Provided data below:
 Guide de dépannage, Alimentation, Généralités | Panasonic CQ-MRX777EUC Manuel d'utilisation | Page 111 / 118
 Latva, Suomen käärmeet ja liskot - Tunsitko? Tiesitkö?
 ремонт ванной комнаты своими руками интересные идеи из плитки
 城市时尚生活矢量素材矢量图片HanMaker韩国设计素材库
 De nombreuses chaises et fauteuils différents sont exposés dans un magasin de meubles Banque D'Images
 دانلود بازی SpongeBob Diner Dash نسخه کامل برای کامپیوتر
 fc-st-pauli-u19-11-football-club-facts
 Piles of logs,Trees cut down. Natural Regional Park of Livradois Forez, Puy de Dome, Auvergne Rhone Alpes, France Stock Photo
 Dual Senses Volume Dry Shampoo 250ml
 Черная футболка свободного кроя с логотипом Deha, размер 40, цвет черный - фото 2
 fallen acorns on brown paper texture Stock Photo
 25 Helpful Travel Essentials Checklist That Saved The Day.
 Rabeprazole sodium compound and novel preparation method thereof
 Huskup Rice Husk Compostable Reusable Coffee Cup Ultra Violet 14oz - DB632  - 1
End of Provided data.
- [Problem description] Your answer must be the line containing "城市时尚生活矢量素材矢量图片HanMaker韩国设计素材库" and every line after it through the end of the records above, reproduced exactly and alone.

- [Written answer]
 城市时尚生活矢量素材矢量图片HanMaker韩国设计素材库
 De nombreuses chaises et fauteuils différents sont exposés dans un magasin de meubles Banque D'Images
 دانلود بازی SpongeBob Diner Dash نسخه کامل برای کامپیوتر
 fc-st-pauli-u19-11-football-club-facts
 Piles of logs,Trees cut down. Natural Regional Park of Livradois Forez, Puy de Dome, Auvergne Rhone Alpes, France Stock Photo
 Dual Senses Volume Dry Shampoo 250ml
 Черная футболка свободного кроя с логотипом Deha, размер 40, цвет черный - фото 2
 fallen acorns on brown paper texture Stock Photo
 25 Helpful Travel Essentials Checklist That Saved The Day.
 Rabeprazole sodium compound and novel preparation method thereof
 Huskup Rice Husk Compostable Reusable Coffee Cup Ultra Violet 14oz - DB632  - 1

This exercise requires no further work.